Rare diseases top another strong year for novel drug approvals
A clutch of swift FDA decisions boosted average US drug approval times in 2019, helping biopharma to deliver another bumper crop of new medicines.

Towards the end of last year several surprisingly speedy FDA approvals helped put the wind in biopharma’s sails. A look at the picture across the whole of 2019 confirms that the US drugs regulator remains one of the sector’s best friends.
Over the year the agency approved 49 novel medicines with a fifth-year sales potential of $27.1bn, according to a Vantage analysis of EvaluatePharma data. Neither of these numbers is a record, but they are far from disappointing, and certainly fit within a new regulatory normal that has been developing over the past six years.
What did improve markedly last year was average approval time in the breakthrough designation category, to give the regulator its best score since 2013; the 6.3-month mean is even more remarkable considering that in that year, when BTD was first introduced, only three projects used this pathway. In 2019 the average was derived from the review of 15 projects.

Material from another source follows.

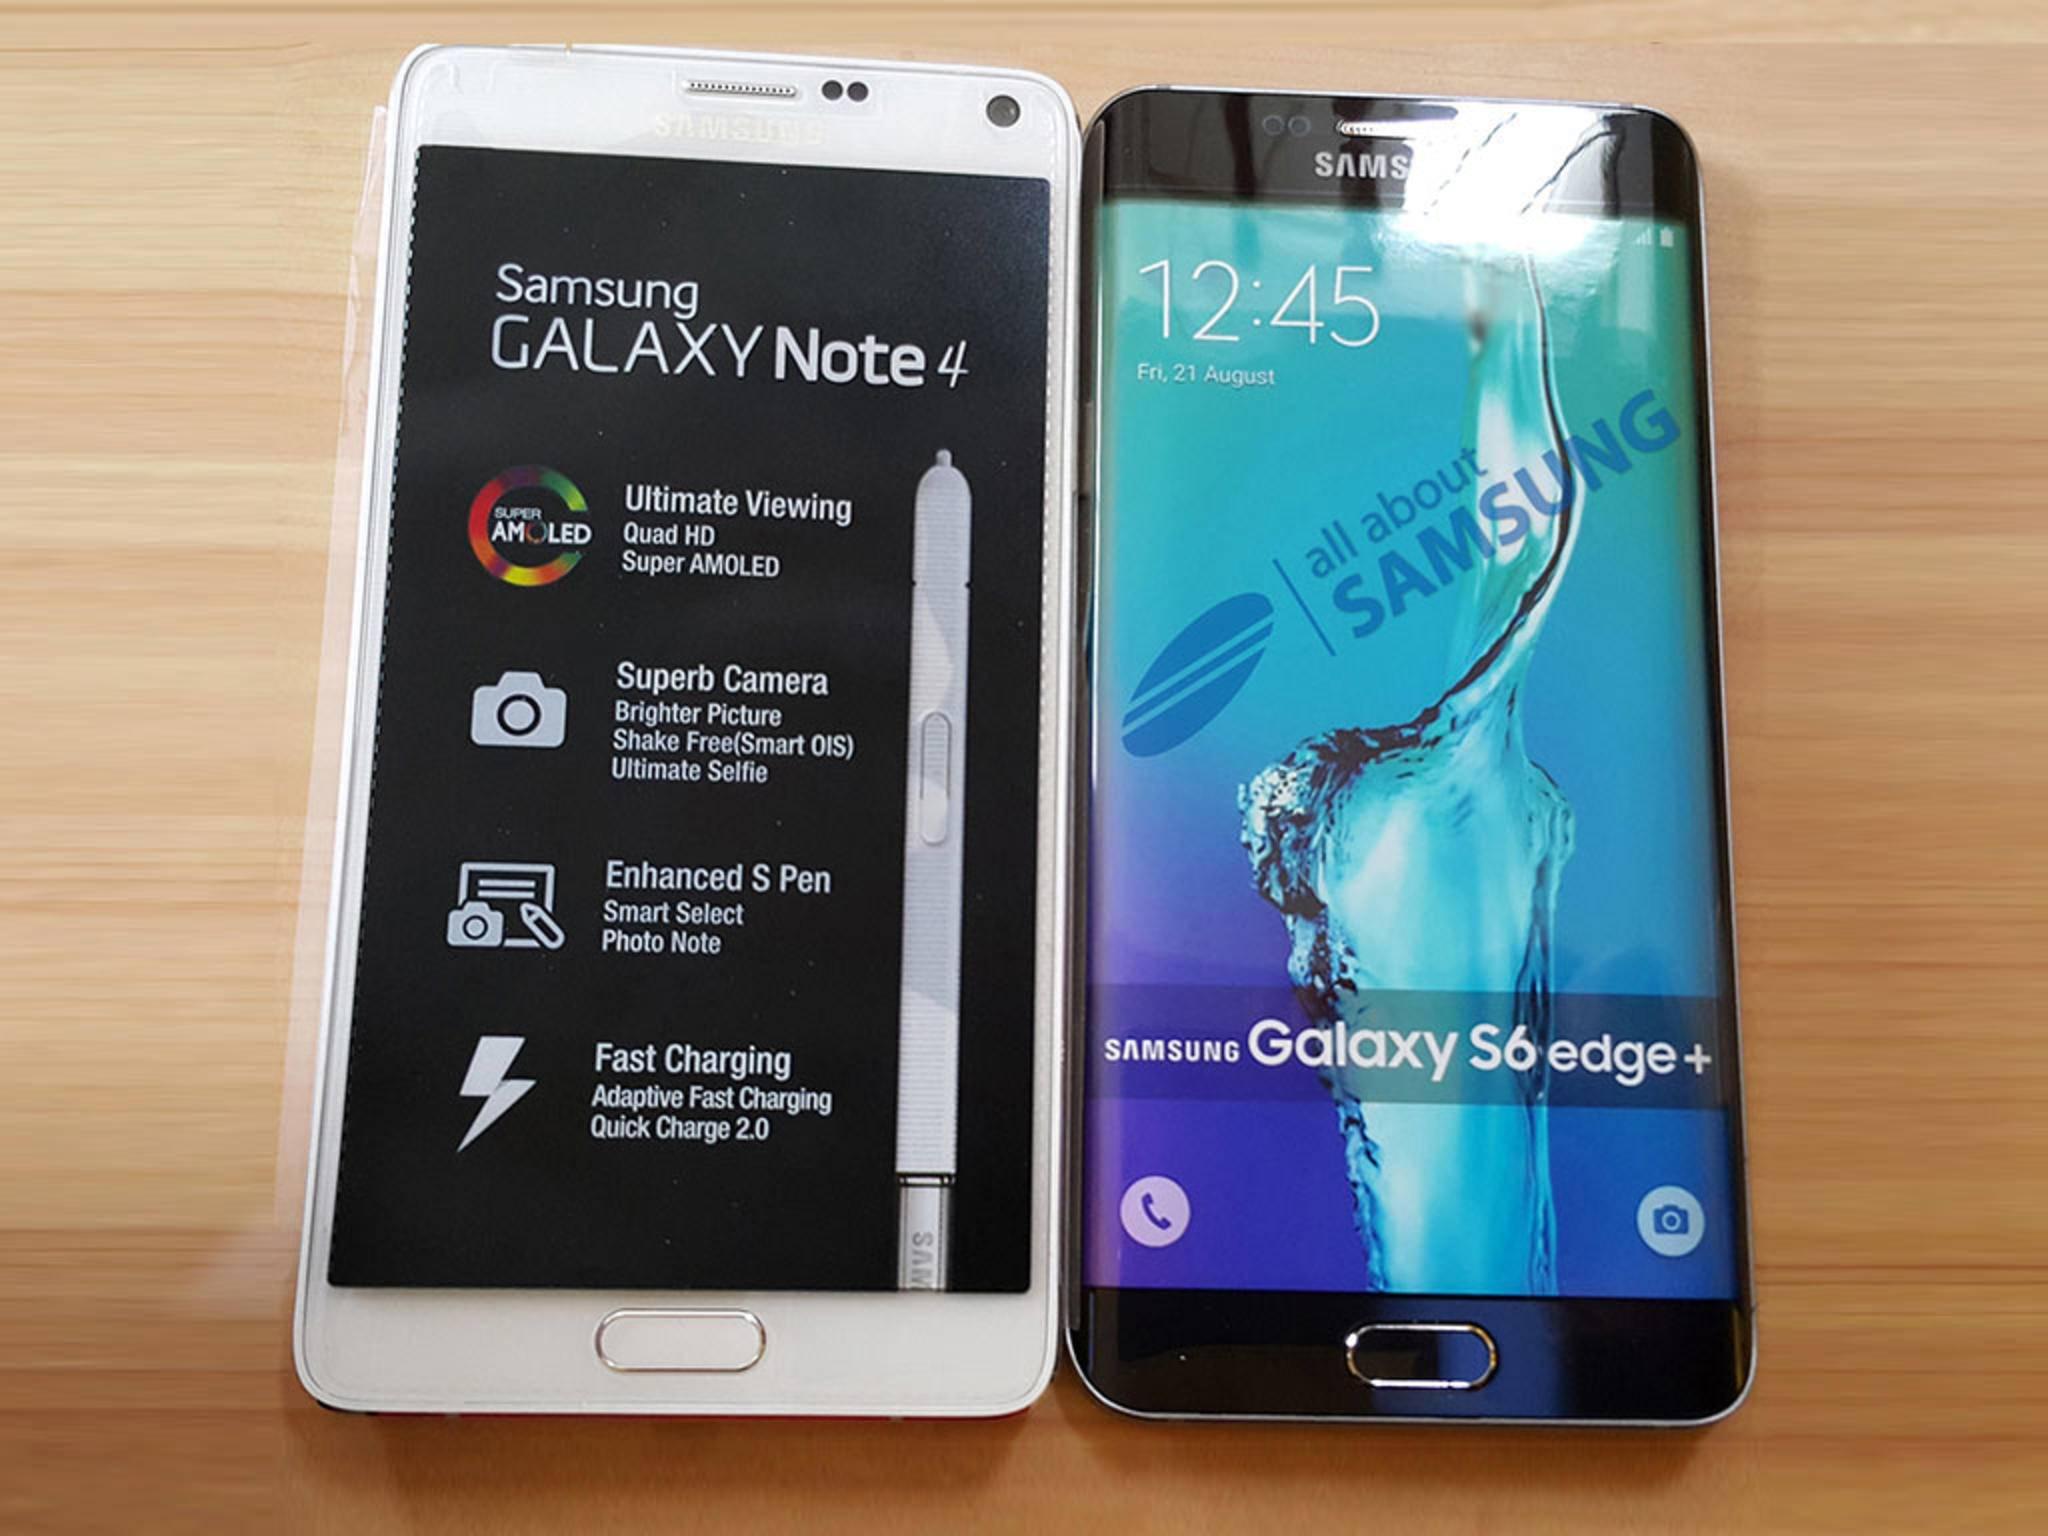 Das Samsung Galaxy S6 Edge+ im Vergleich mit dem Samsung Galaxy Note 4.

Standard reviews came in bang on 12 months, on both median (not shown here) and mean measures, though this analysis suggests that the FDA struggles to get priority reviews to hit the six-month target it aims to. The past three years has shown some improvement at least, with the average priority review taking around eight months.

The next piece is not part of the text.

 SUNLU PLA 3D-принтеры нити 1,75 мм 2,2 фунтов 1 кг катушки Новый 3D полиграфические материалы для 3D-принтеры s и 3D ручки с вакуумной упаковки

Last year a sense of speed certainly emerged from the FDA, though only two of the class of 2019 made it into the 10 fastest approval decisions since 2010. Behind Trikafta and Enhertu there were plenty of other quick reviews last year, however: 11 drugs were approved in less than six months, almost a quarter of all of 2019's submissions.

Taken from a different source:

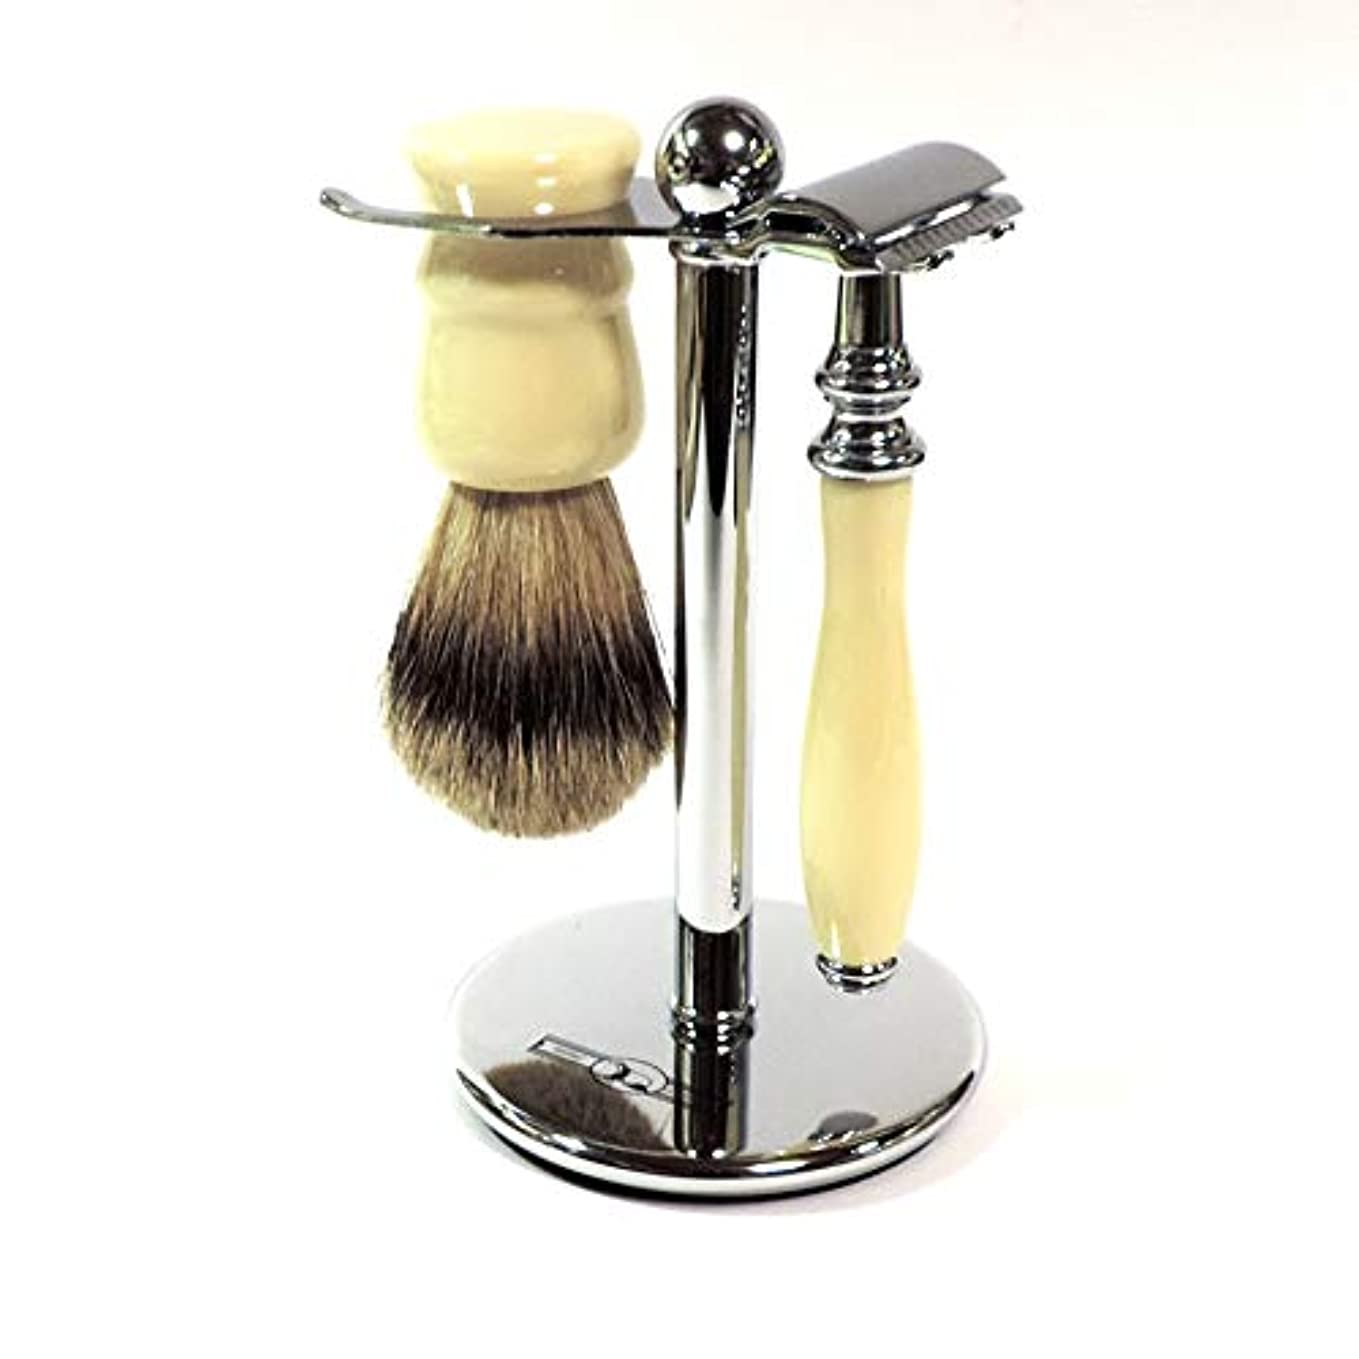 ピジン究極の遺棄された髭剃りシェービングセット アイボリー 両刃ホルダー クロム アナグマ毛ブラシ スタンド付 ドイツ?ディトマー社

Vertex’s new cystic fibrosis triplet, Trikafta, stands out here. Not only was it approved the fastest last year, it is also projected to become the most commercially successful. The sellside’s consensus sits at $3.9bn in US sales by 2024; given the extensive revenues that the company’s existing suite of cystic fibrosis drugs bring in, there will be a fair amount of certainty attached to this figure.
Astrazeneca and Daiichi Sankyo’s Enhertu also scraped into the top 10, with accelerated approval in late-line breast cancer. US sales of $1.4bn are estimated for 2024, but the real commercial future of this antibody-drug conjugate is still hard to determine; a big unknown is how its toxicity profile will influence its use, and perhaps chances of approval in earlier lines of therapy.
Green light ahead: the fastest FDA decisions since 2010 | |||
---|---|---|---|
Product | Year approved | Status | Months to approval |
Blincyto | 2014 | Breakthrough therapy | 2.5 |
Iclusig | 2012 | Priority review | 2.6 |
Jevtana | 2010 | Priority review | 2.6 |
Spinraza | 2016 | Priority review | 3 |
Alecensa | 2015 | Priority review | 3.1 |
Trikafta | 2019 | Breakthrough therapy | 3.1 |
Xtandi | 2012 | Priority review | 3.3 |
Kalydeco | 2012 | Priority review | 3.5 |
Zelboraf | 2011 | Priority review | 3.6 |
Enhertu | 2019 | Breakthrough therapy | 3.7 |
Source: EvaluatePharma. |
The chart below looks at the total commercial potential of last year’s approvals; the $27.1bn figure was boosted by the arrival of nine future blockbusters, four of which are predicted to be bringing in more $2bn in the US by 2024. As well as Trikafta, this includes two new arrivals for Abbvie: the psoriasis antibody Skyrizi and the Jak inhibitor Rinvoq for RA.
Pfizer’s amyloidosis treatment Vyndaqel is also seen as having a hugely successful future, with 2024 sales of $2.5bn pencilled in. This therapy and Trikafta both treat rare diseases and are prime examples of the sort of products that biopharma is chasing right now: small, definable patient populations in which big price tags are accepted.
While the FDA is also happy to approve these rare disease drugs very quickly, there are few reasons to believe that biopharma will turn away from this space anytime soon. What looks to be internal disagreement at the agency around the approval of Sarepta’s Duchenne muscular dystrophy agents perhaps raises a red flag, but there is little evidence of internecine warfare more broadly (Internal FDA documents reveal a familiar story for Sarepta, January 22, 2020).
A big safety scare can quickly change everything, of course, but as things stand few are expecting substantial in the regulatory landscape this year.